The center has always been a staple in the community for local youth. La’Tosha Lewis worked at the center for six years from 2004 to 2010 and said the MLK center always acted as a safe haven for kids throughout the community.
“We had so many different programs here,” Lewis said. “It gave them a place to go before and after school, during the summer, it kind of helped them stay off the street. We had our after school programs, computer lab and ceramics. We had so many activities here to keep our kids active and engaged and that’s so meaningful. It was a safe and happy place for them to come and be OK.”
She said the community center was used for a variety of purposes over the years. Weddings, community meetings, fashion shows, games, parties, baby showers, anything the community needed to host, they came to MLK to do it. While it is definitely sad to see the old building go, she said it is well past due for an upgrade.
As an excavator tore into the corner of the building Tuesday morning the gathered crowd let out a round of applause. During the ceremony bricks from the center were preserved for the community members to take home so they would always have a piece of the historic venue. Lewis is planning to keep hers on her trophy shelf at home.
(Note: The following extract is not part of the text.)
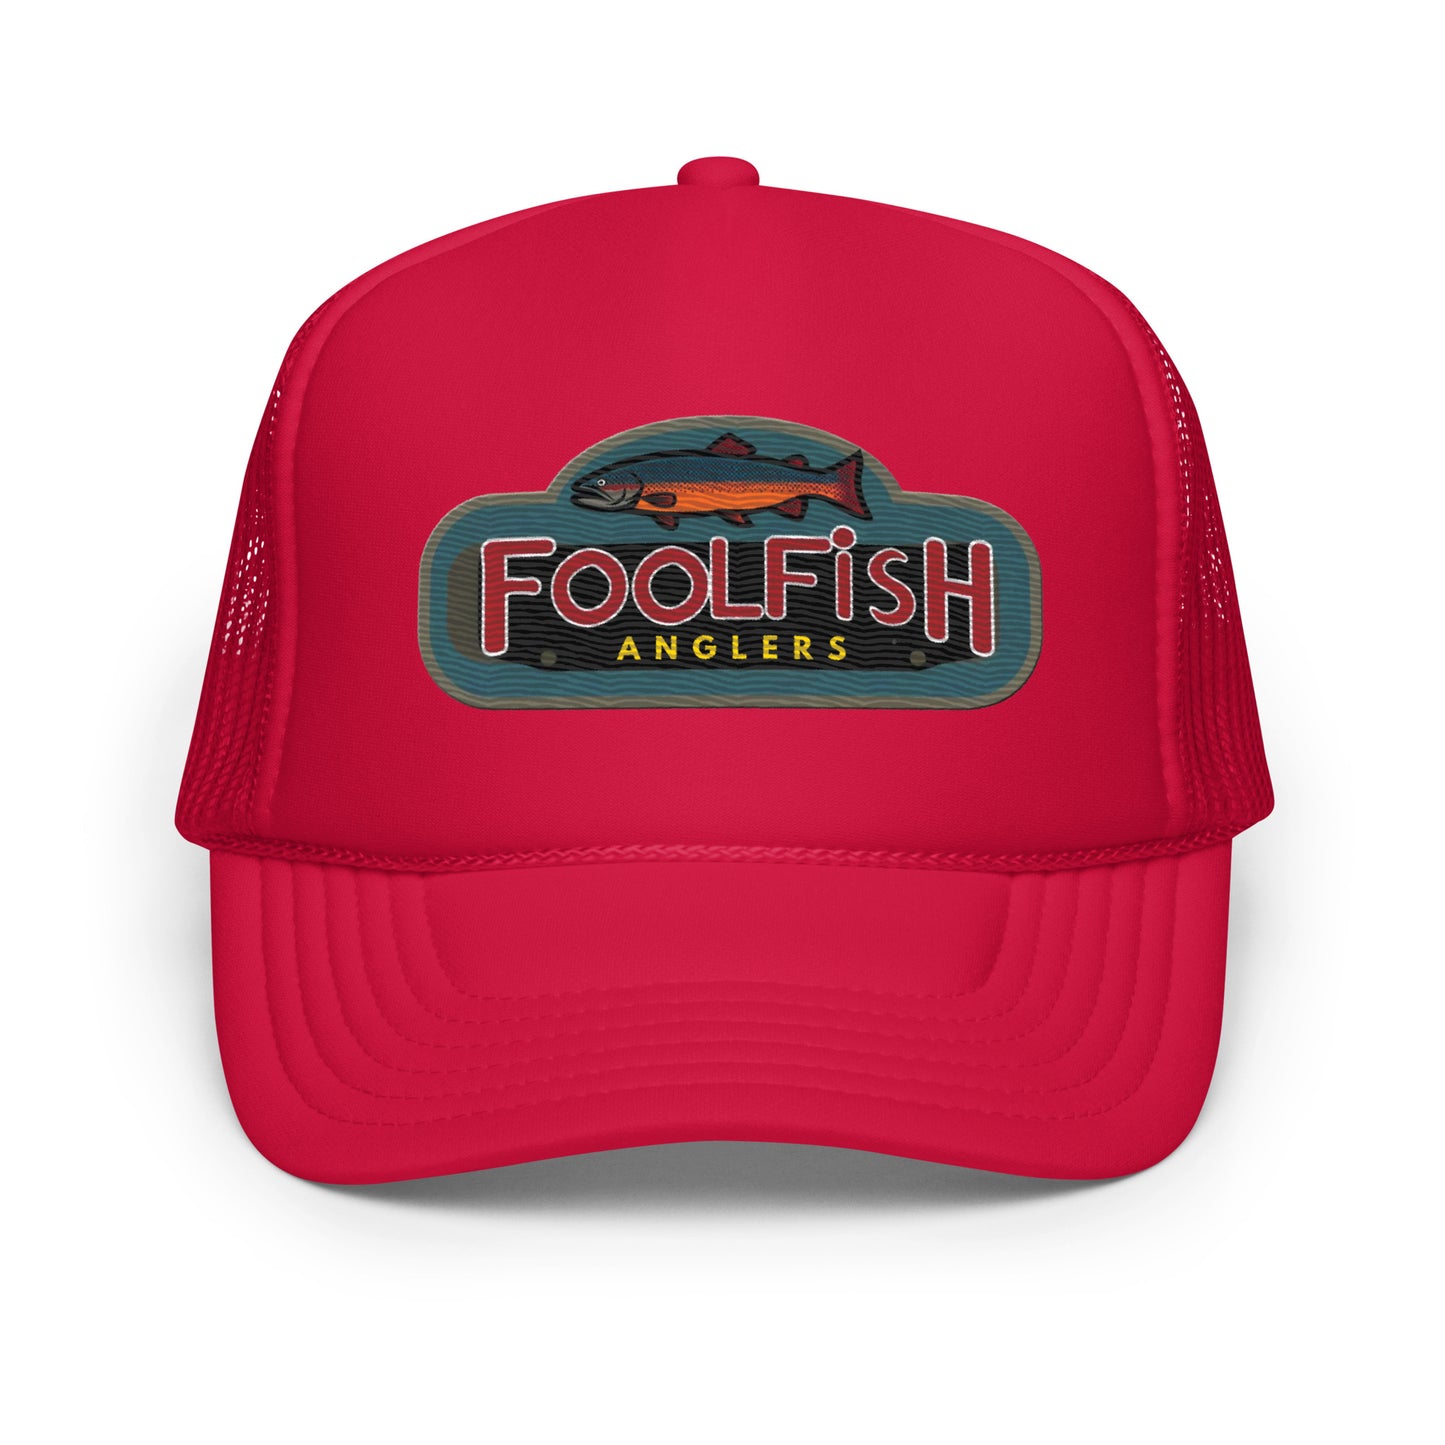 Foolfish - Classic Trucker Cap

Edith Best, 56, has been going to the center since she was in junior high school. She is placing her brick for all to see in her living room. She said the center was “the gathering place for young ones” and continued to act as a watering ground for all age groups.
“This was a meeting place, it was part of the community,” Best said. “If it’s going to look like what they say it will, I would love to see that. I would also like to see someone from within the community that knows all that has gone on here, the history here to have the opportunity to represent it.”
Pastor Calvin “Pee Wee” Callins Sr. of Greater New Hope Anointed Ministries said without the MLK Rec Center he never would have learned to swim. He’s been coming to the venue his entire life and said it was a home for “ so many of us” during the summer. “I’m going to put this brick in the church so when young people ask about this, I will tell them how this brick meant so much in my life, how it made me into the man I am today,” Callins said.
The new facility will be nearly 30,000 square feet and the conceptual design shows a proposed gymnasium with two full courts and four cross courts.
The ribbon cutting for the new facility was originally scheduled for July 2019.
“Our city has a motto that is ‘Preserving the past, embracing the future," City Manager Bill McDaniel said. “I’d say you could look behind us and see that we’ve preserved this past about as well as we can. The building may be going, but I think what we can say in honoring that part of the motto is while we move forward we embrace the history, we embrace the importance of what this center has meant throughout our city. And we’re embracing the future by building a facility that is unlike any other in the city inventory of assets.”